> **Required action**: Output the listing below exactly, minus its images.

> **Raw data**:
+ + + + + + +

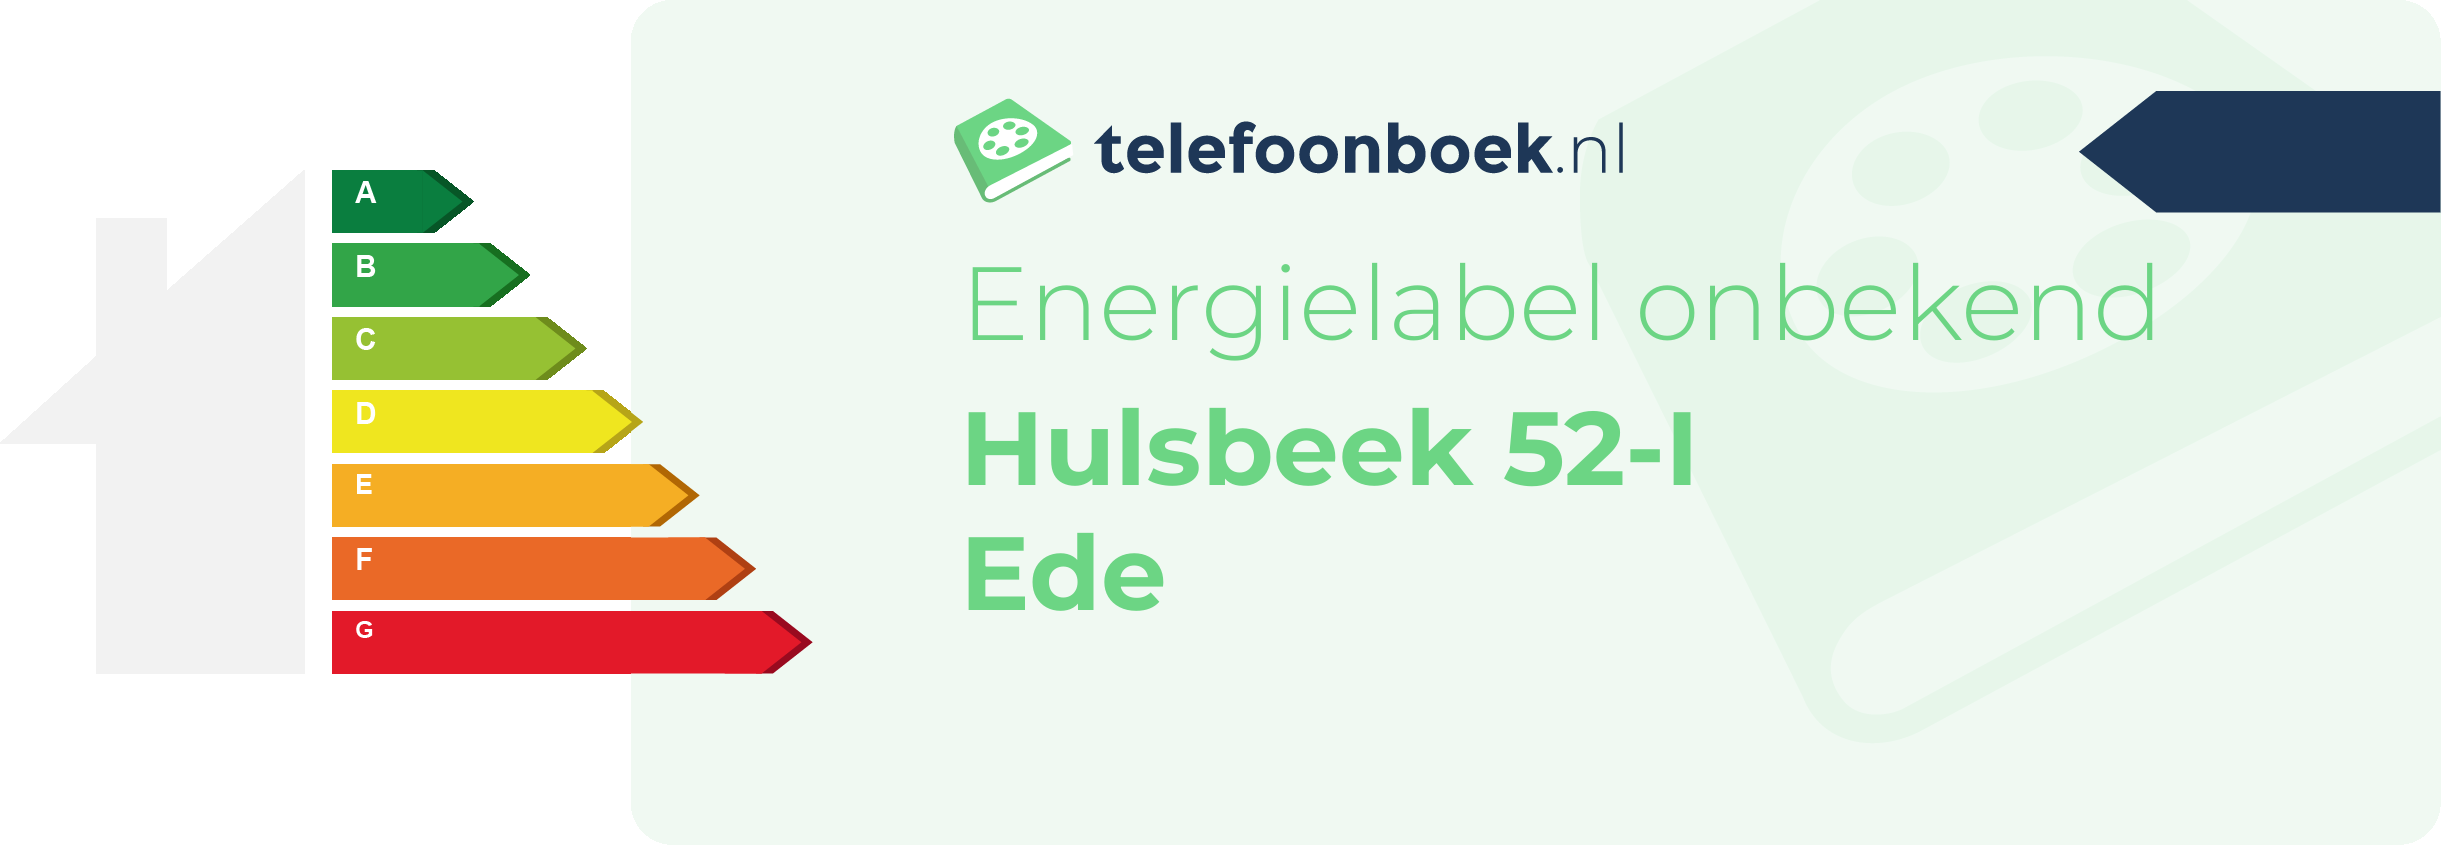 Energielabel Hulsbeek 52-I Ede
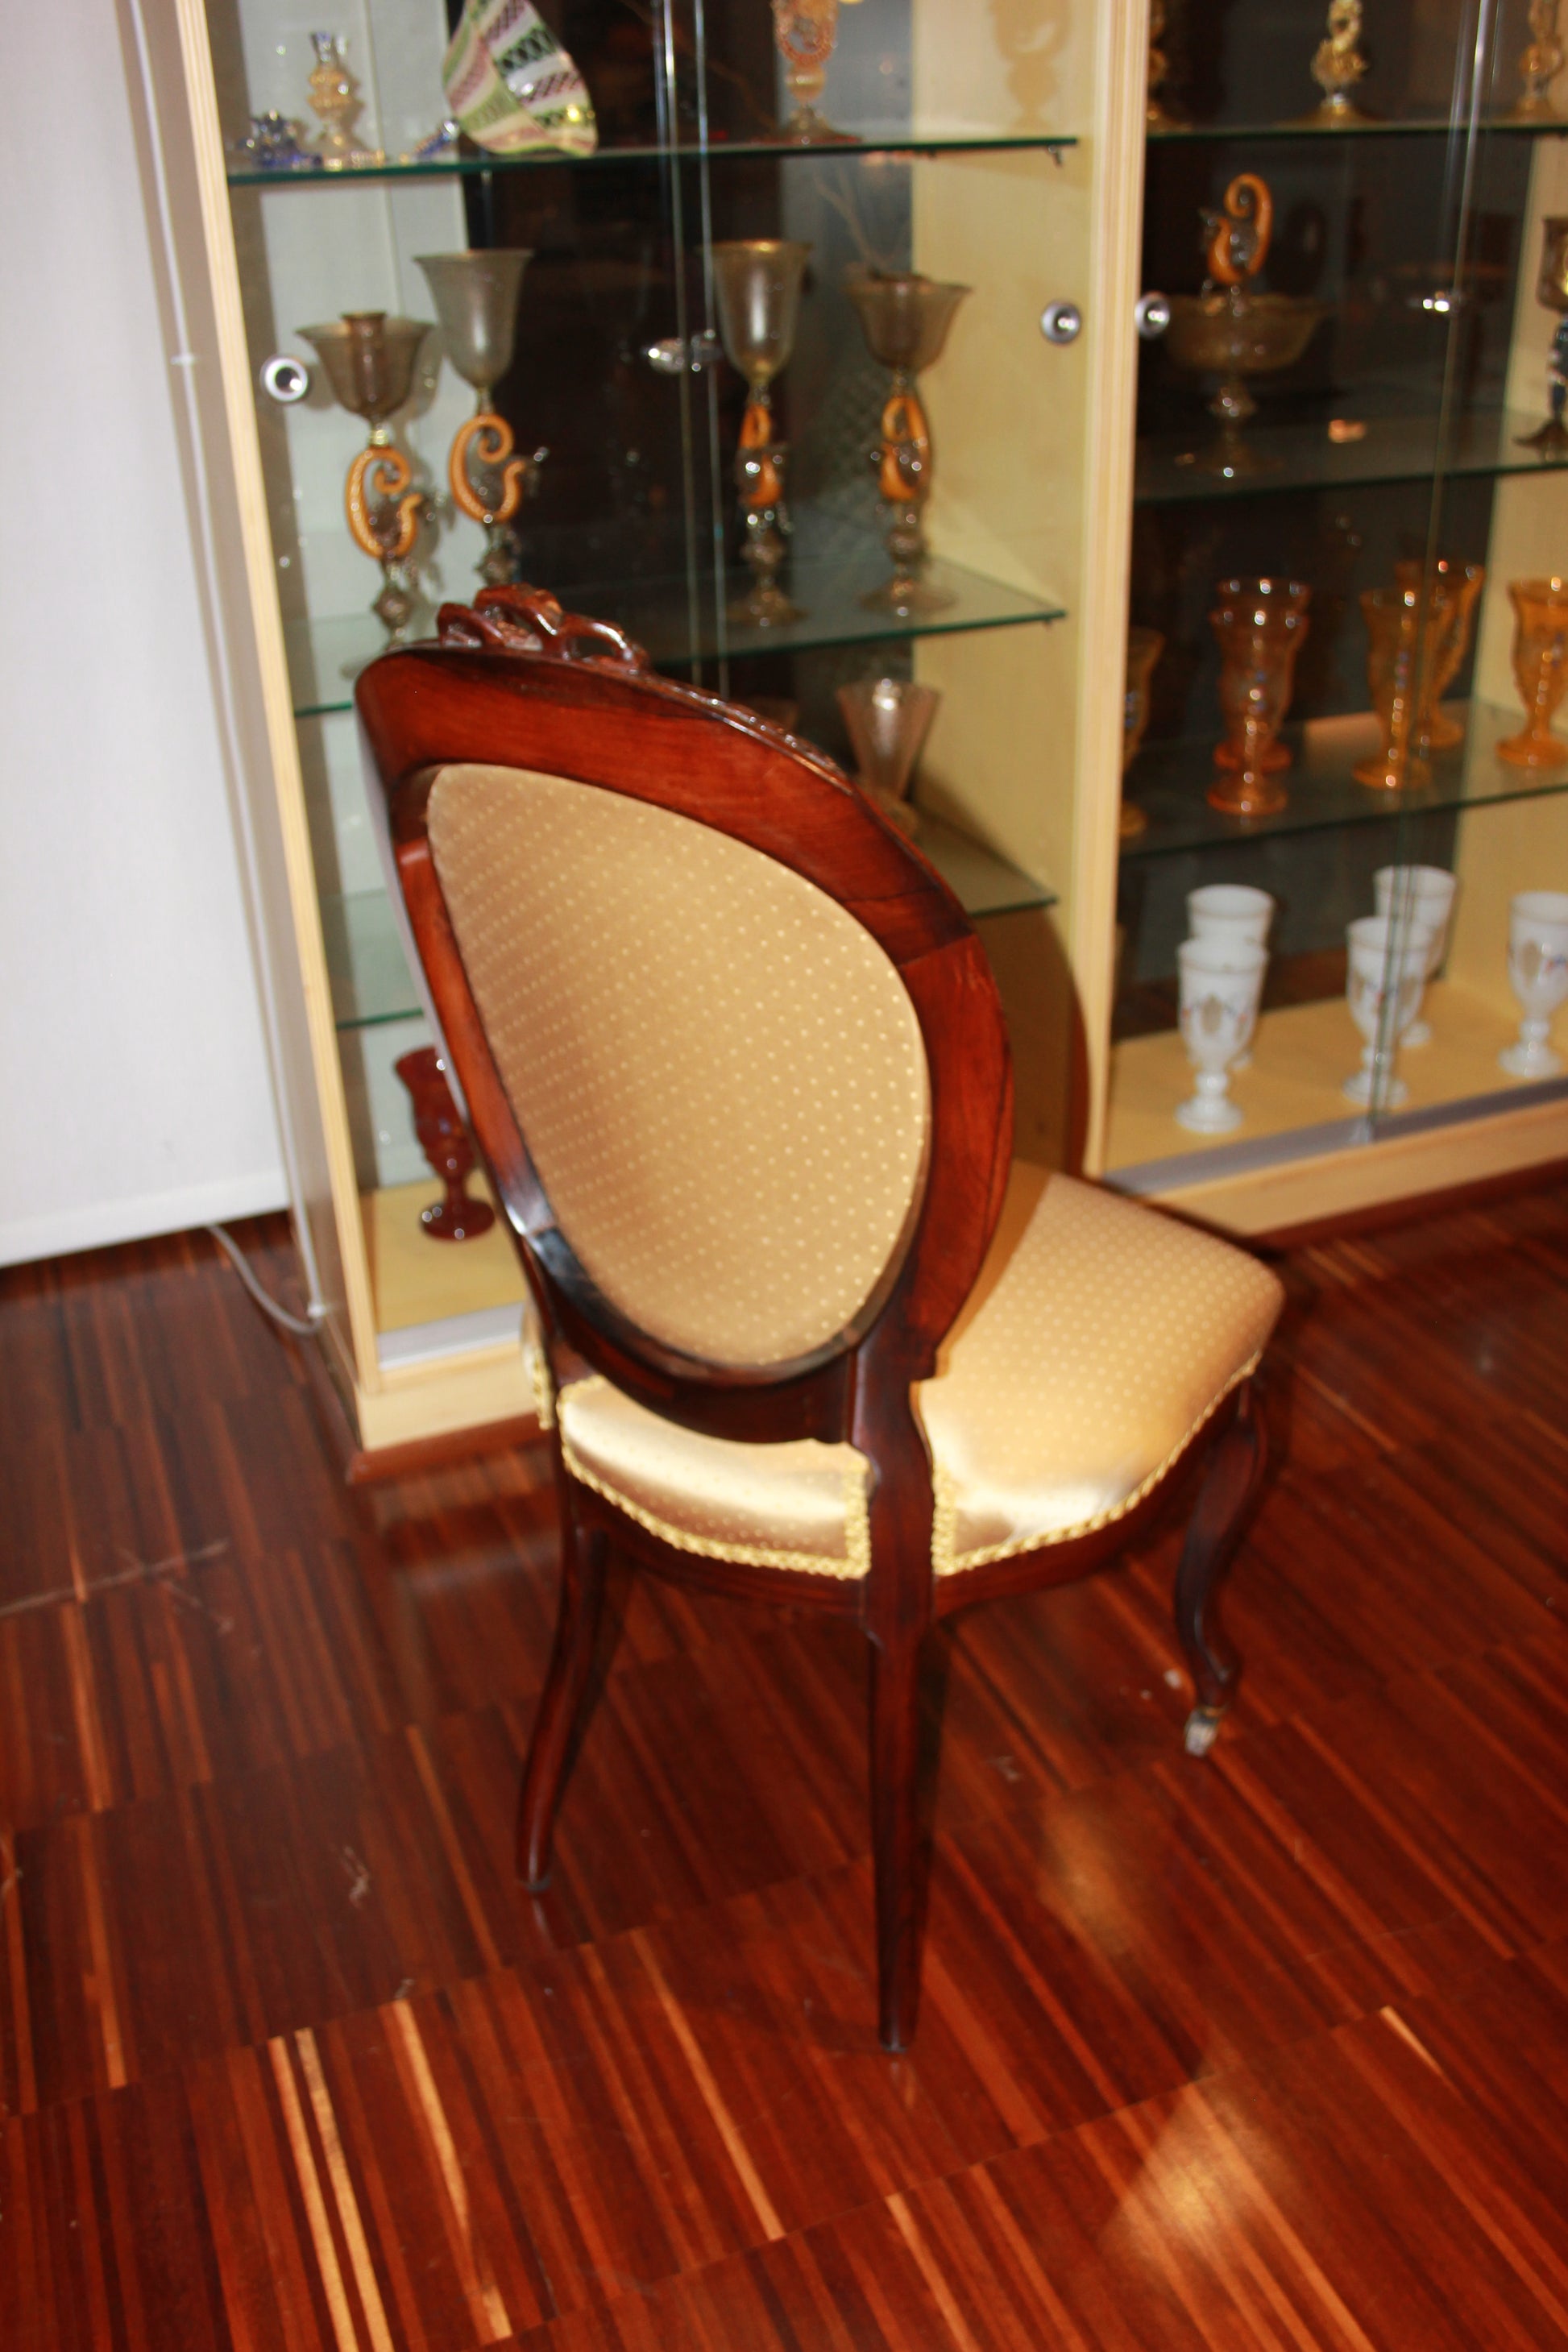 Gruppo di 6 sedie francesi stile Luigi Filippo con schienale impreziosito da cimasa intagliata
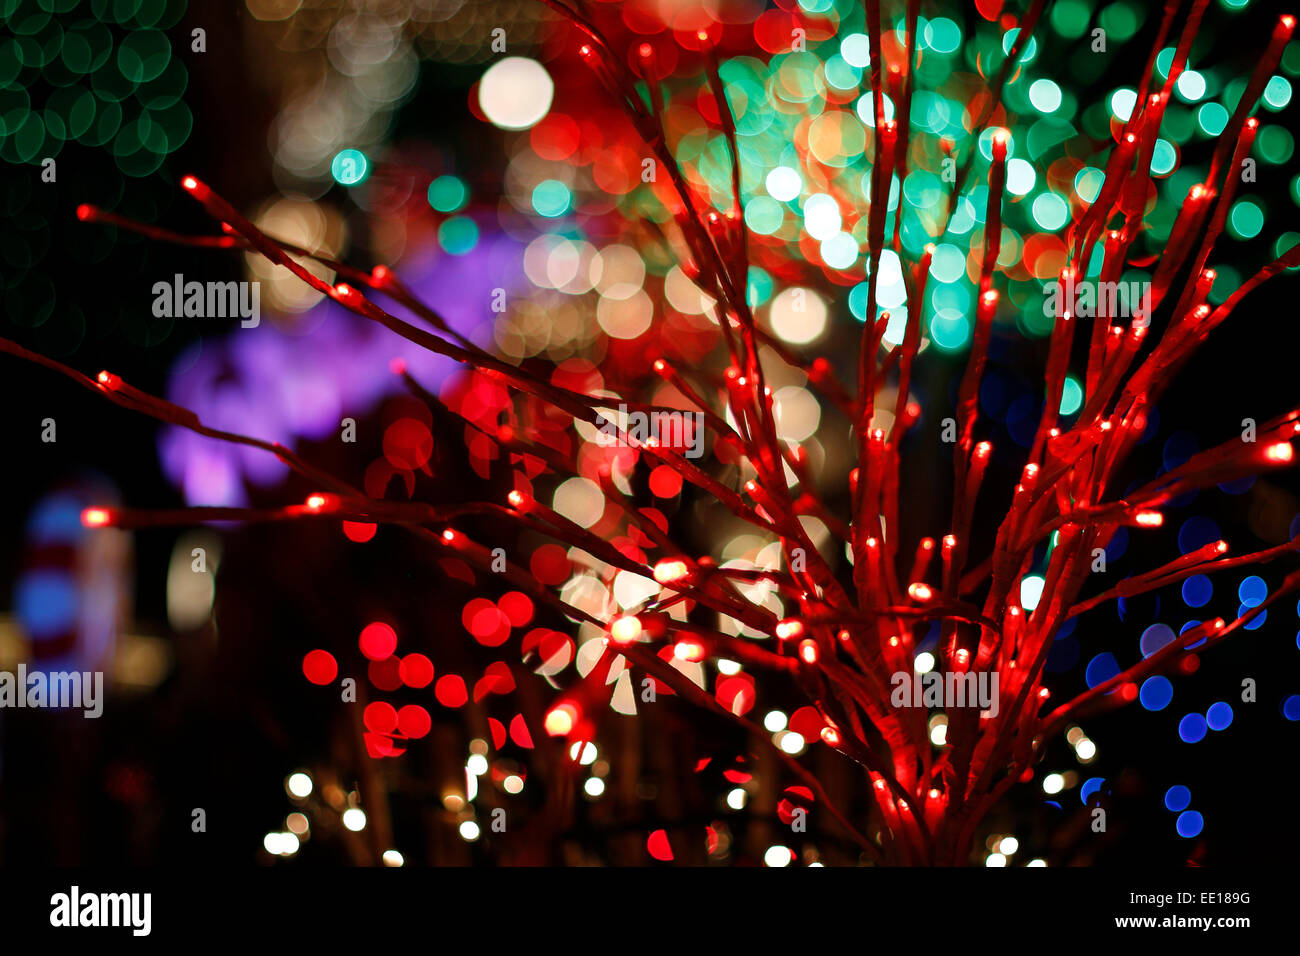 Holiday decorativo rami di albero avvolto con luci colorate bokeh di fondo Foto Stock
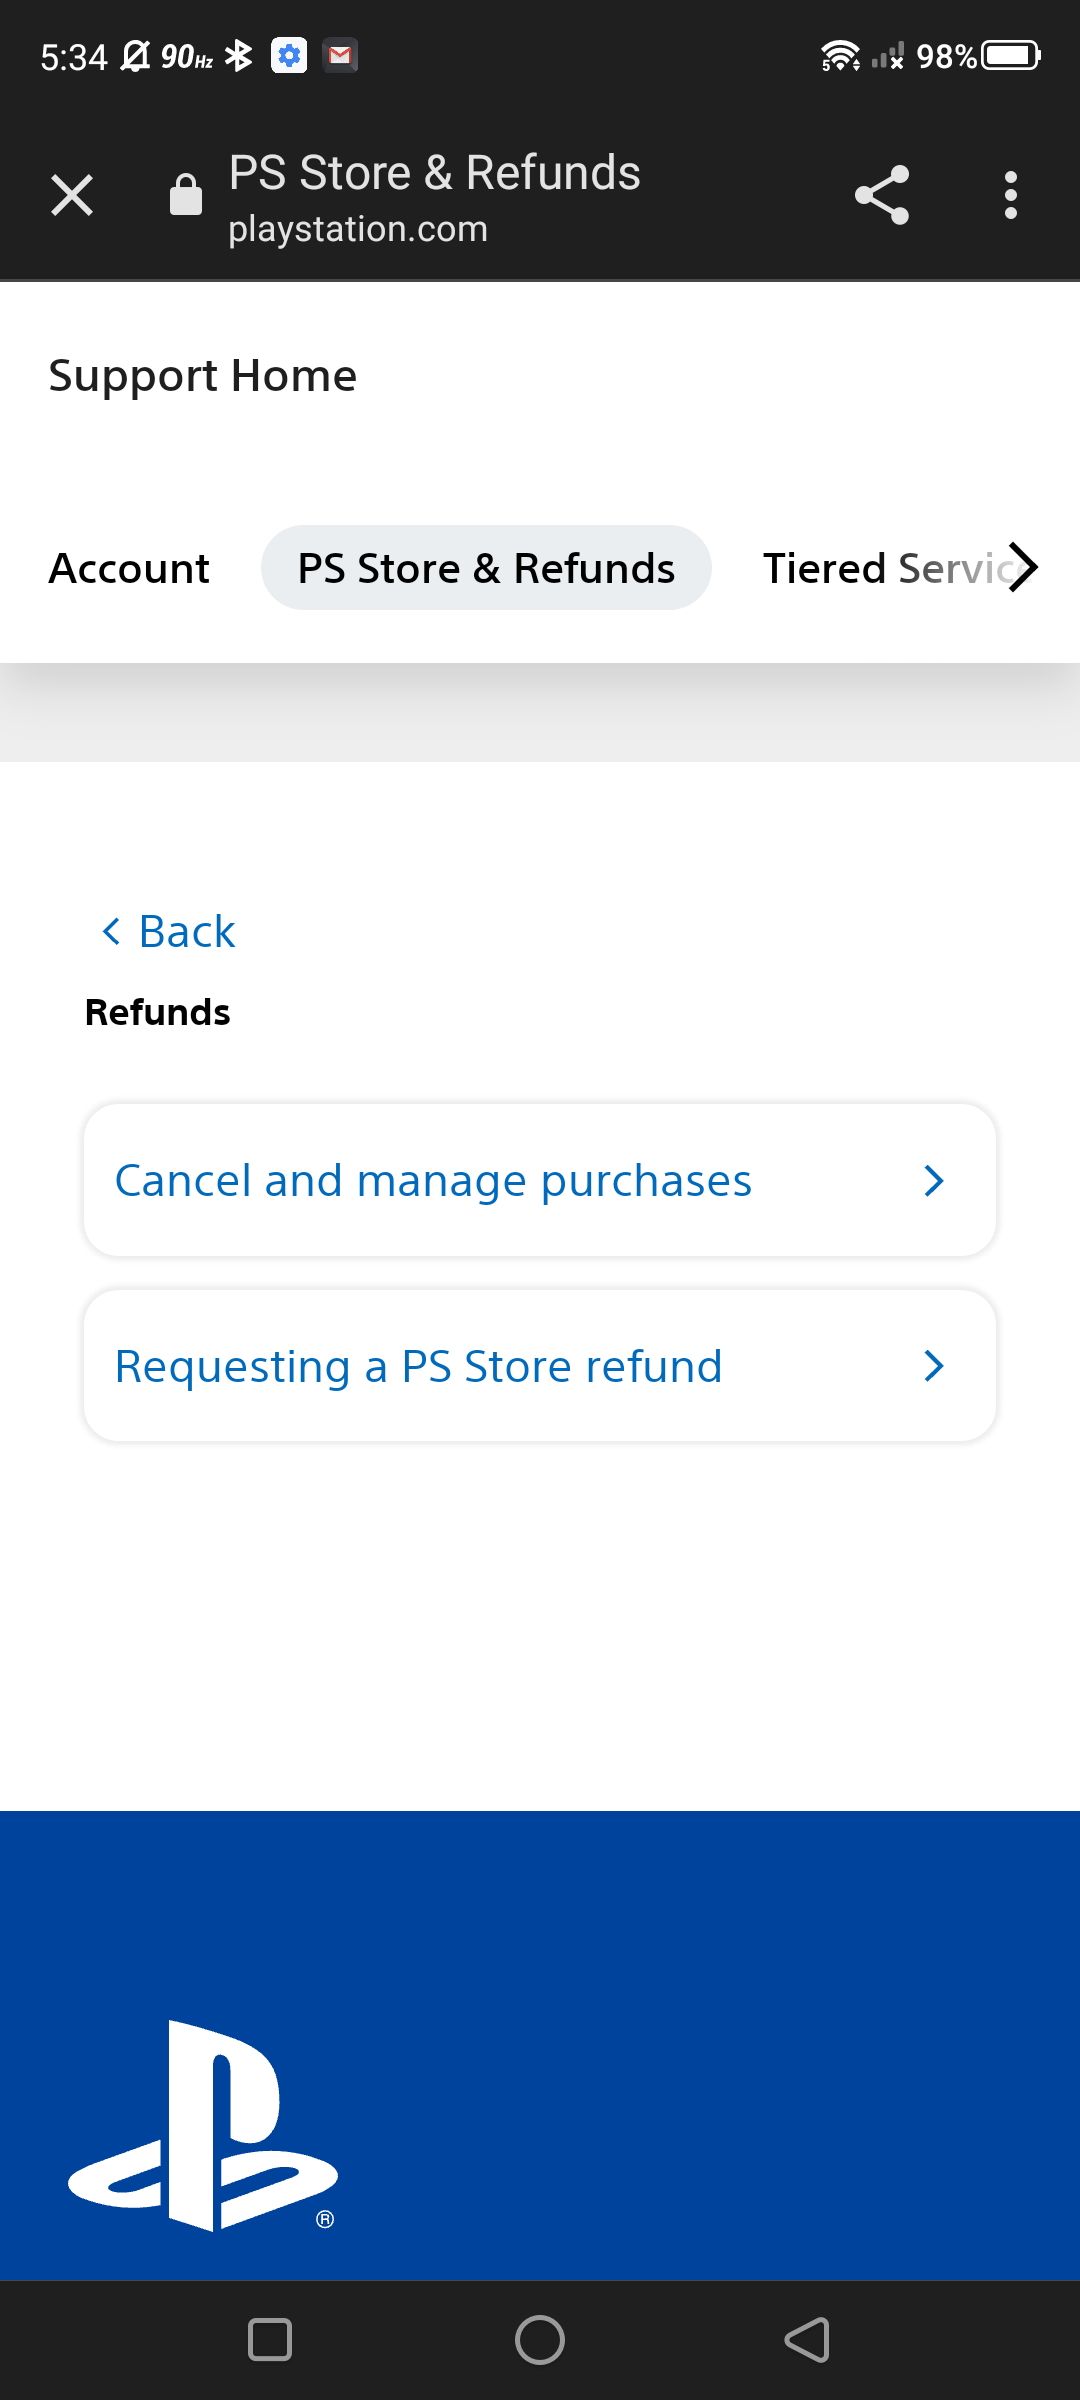 Cuplikan layar aplikasi PlayStation menavigasi halaman dukungan untuk pengembalian uang

+ + + + + + +

> **Result of the task**:
 Energielabel Hulsbeek 52-I Ede
 Gruppo di 6 sedie francesi stile Luigi Filippo con schienale impreziosito da cimasa intagliata
 Holiday decorativo rami di albero avvolto con luci colorate bokeh di fondo Foto Stock
 Cuplikan layar aplikasi PlayStation menavigasi halaman dukungan untuk pengembalian uang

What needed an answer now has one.